Another $28.3 million was approved for JoAnn Leleck Elementary School at Broad Acres in Silver Spring to increase school capacity due to crowding. Nearly $123 million was allocated to eventually reopen Charles W. Woodward High School in North Bethesda, to accommodate a growing student population.
Elrich said during a news briefing Wednesday that the pandemic presented challenges during this budget cycle, but he’s faced similar circumstances as county executive.

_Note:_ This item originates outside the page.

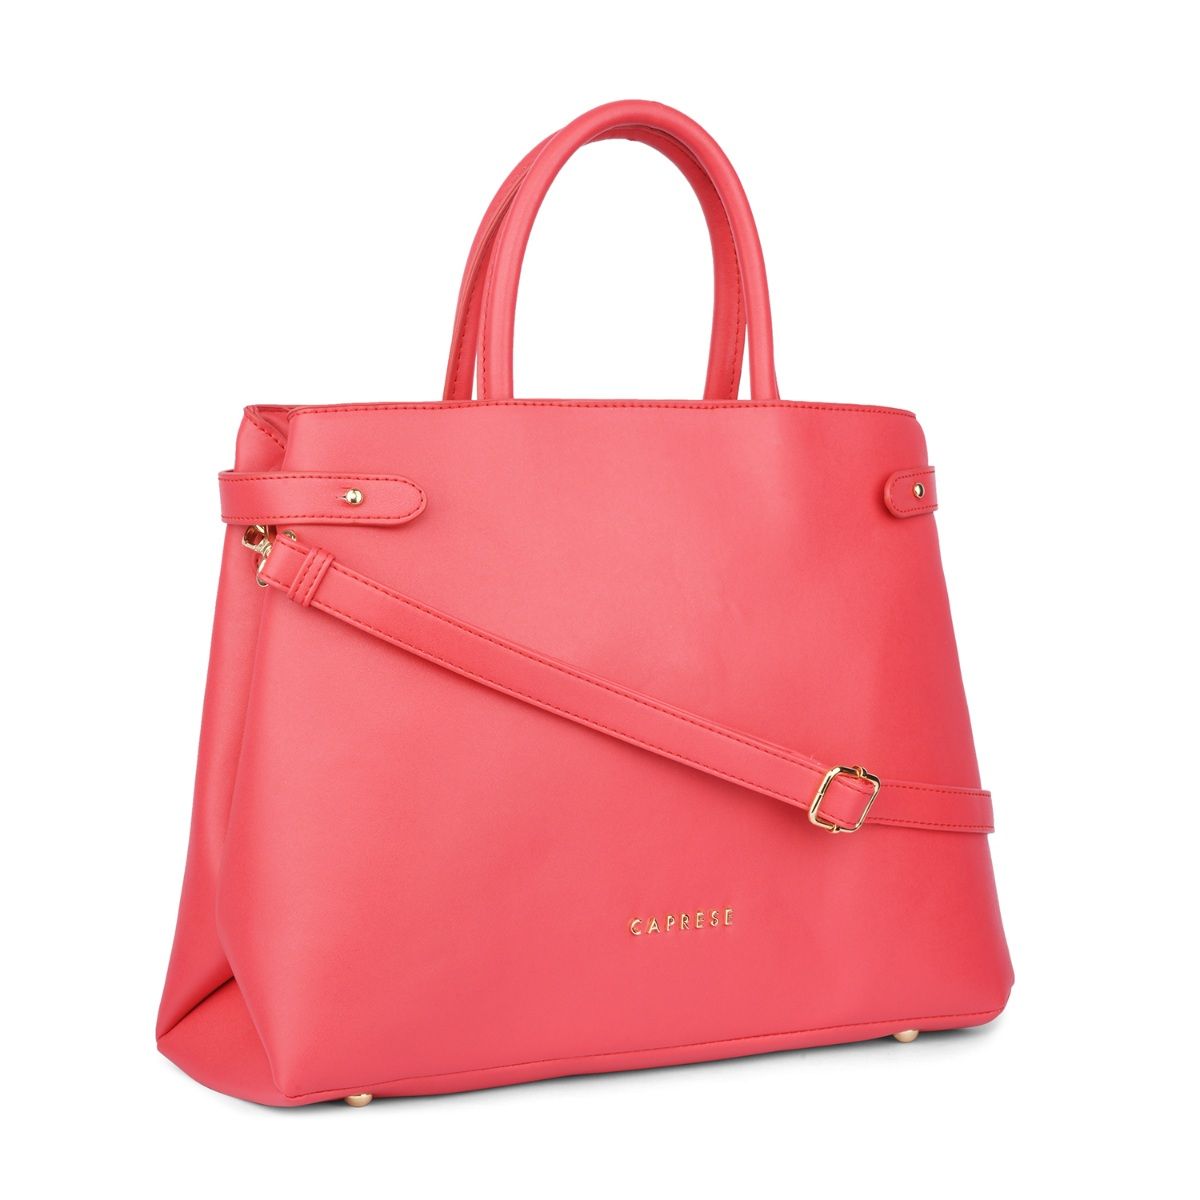 Caprese Dorita Satchel Bag Small Red: Buy Caprese Dorita Satchel Bag ...

In 2018, a day after he was sworn in, Elrich said, county officials told him there was at least $40 million in projected revenue shortfalls. Then in early 2019, about two weeks before completing the budget, state officials told him about another $40 million in shortfalls.
When Elrich drafted his next budget, in March 2020, Gov. Larry Hogan declared a state of emergency due to the pandemic.
“I’ve had some practice in dealing with unusual budgets,” Elrich said.
He added, however, that he’s proud of the budget he and council members finalized, including more money for mental health services, education and other crucial needs.
“This year’s budget [is] where we’re able to fund most things, but knowing a lot of that help is coming from the federal government, which has helped us do the things we were expected to do, which makes it a little less like a totally normal budget, but were reasonably optimistic,” Elrich said. “It’s been challenging for three budgets to never have a normal circumstance to provide a budget in.”
Staff writer Caitlynn Peetz contributed to this story.